Provided material:
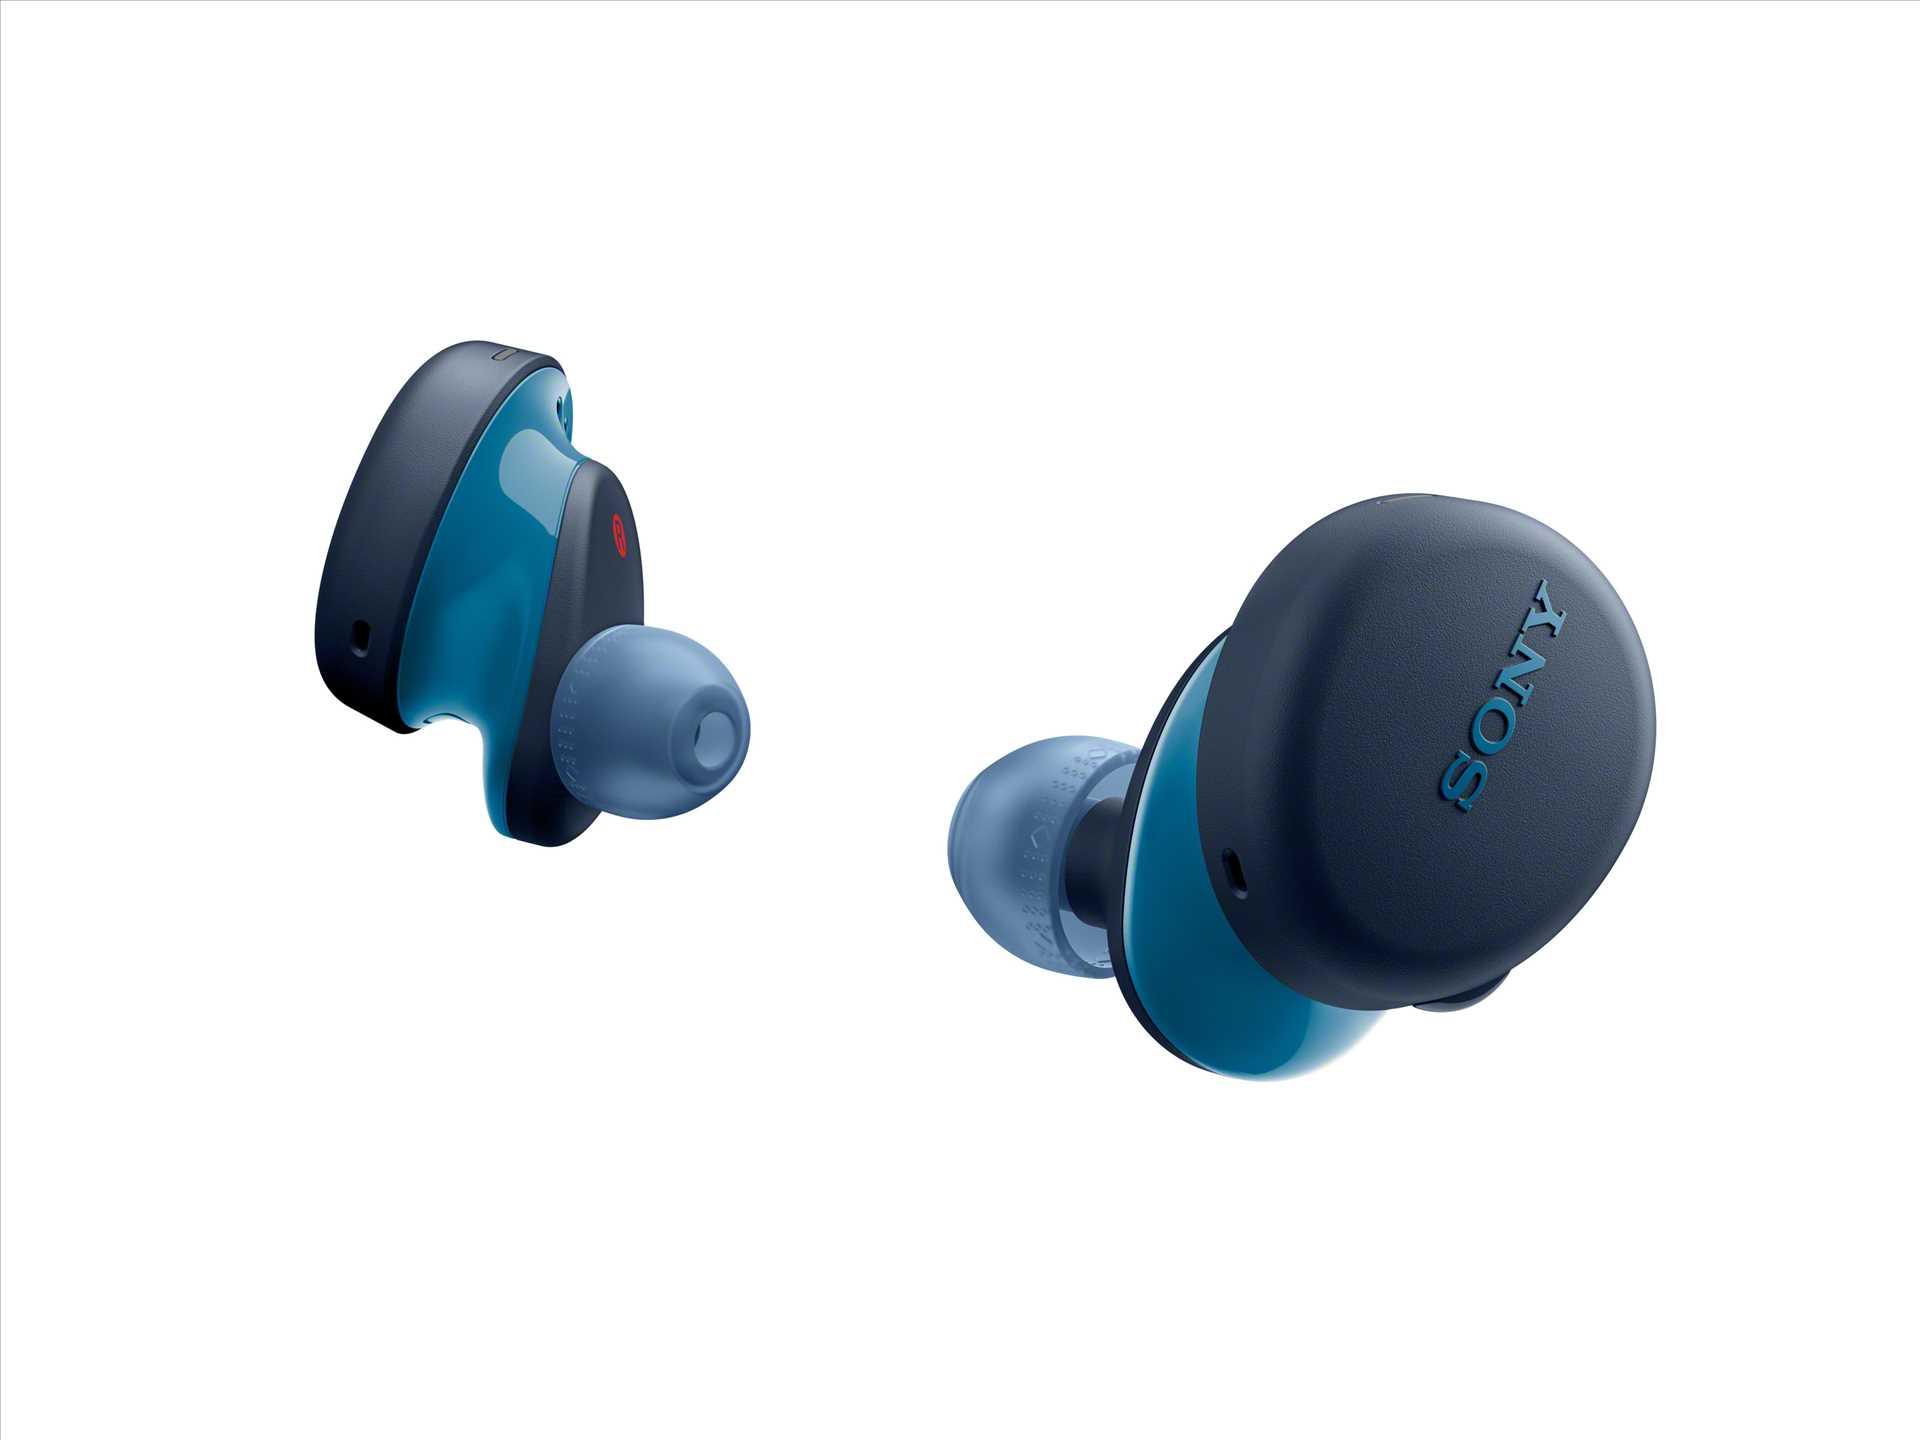 אוזניות Sony WF-XB700L True Wireless סוני כחולות - תמונה 9
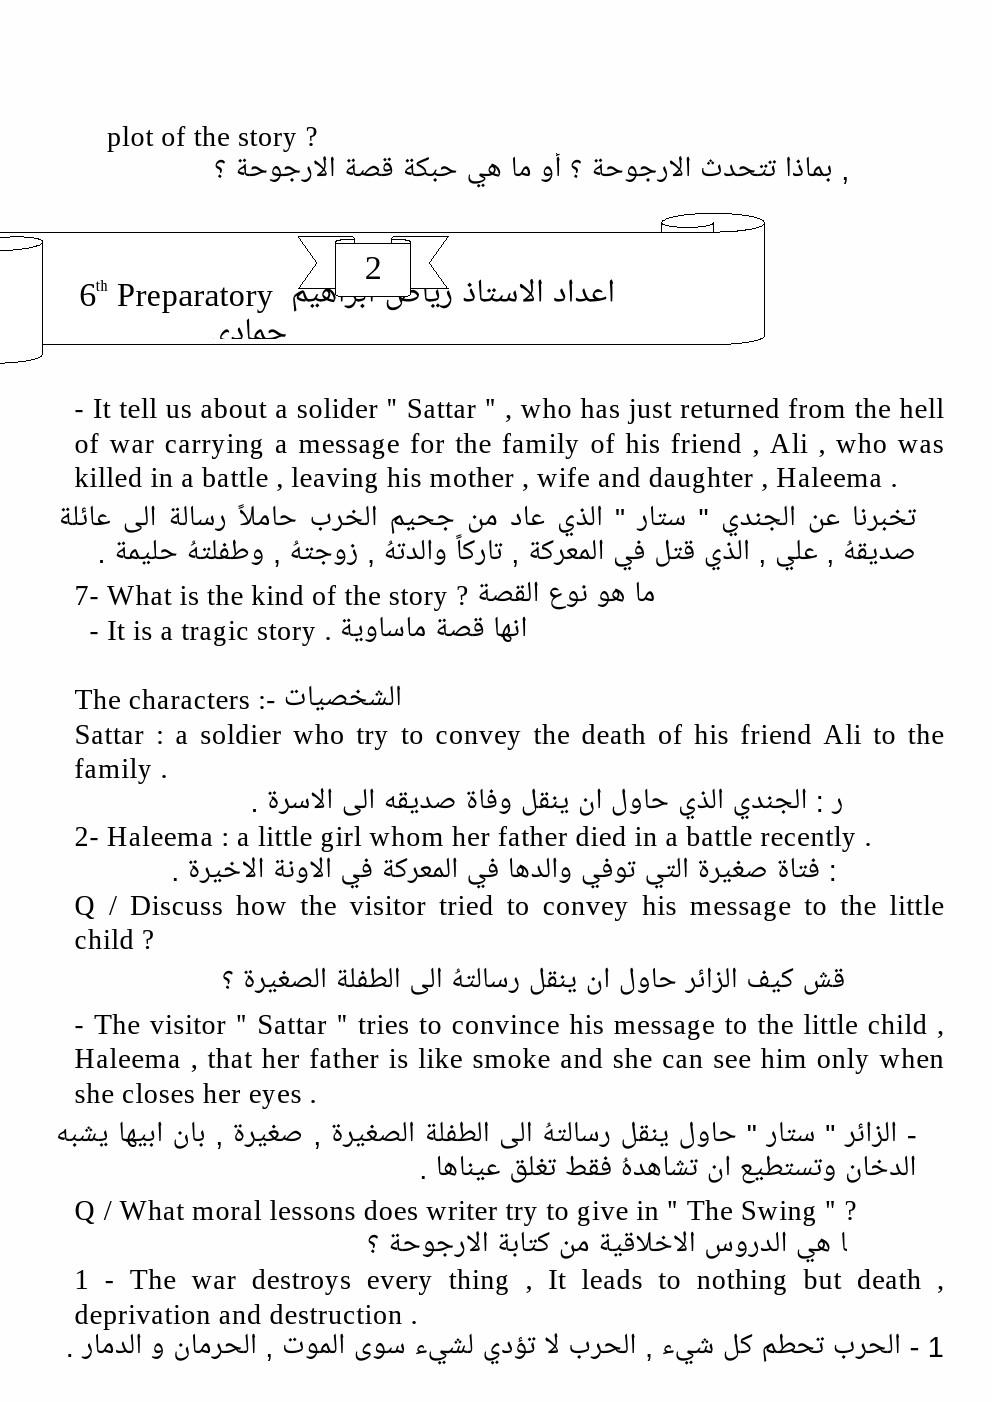 كتاب القواعد للصف السادس الابتدائي
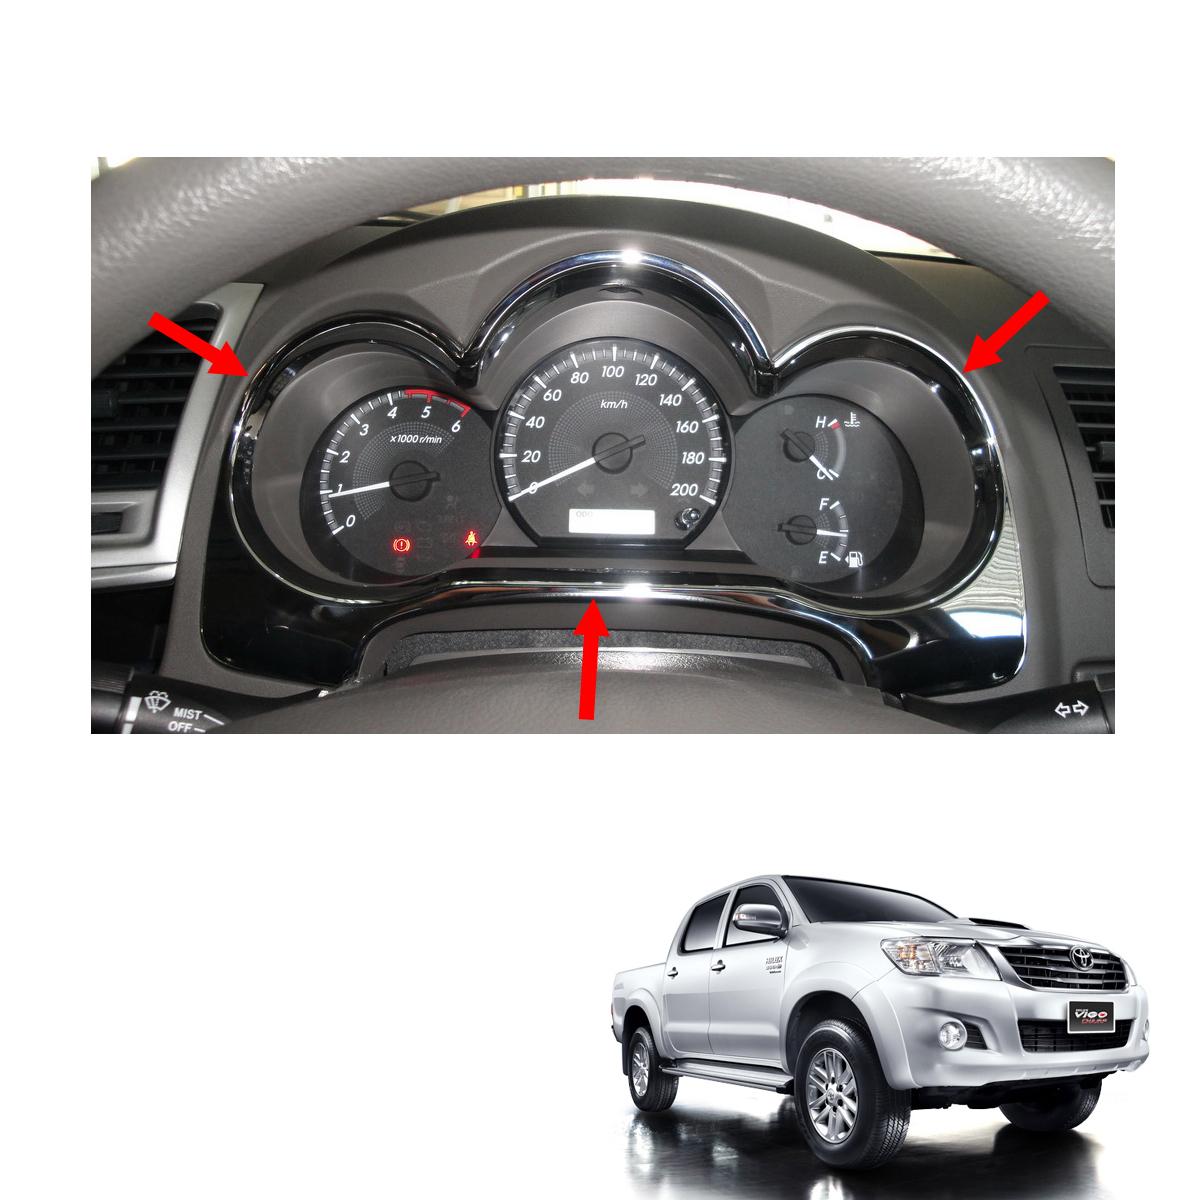 Dash Guage Cover Trim Chrome Fits Toyota Hilux Vigo Champ MK7 Truck SR 2011-2015

What you should do: Write every line of the data out again exactly, leaving out all images.

Answer box:
 אוזניות Sony WF-XB700L True Wireless סוני כחולות - תמונה 9
 كتاب القواعد للصف السادس الابتدائي
 Dash Guage Cover Trim Chrome Fits Toyota Hilux Vigo Champ MK7 Truck SR 2011-2015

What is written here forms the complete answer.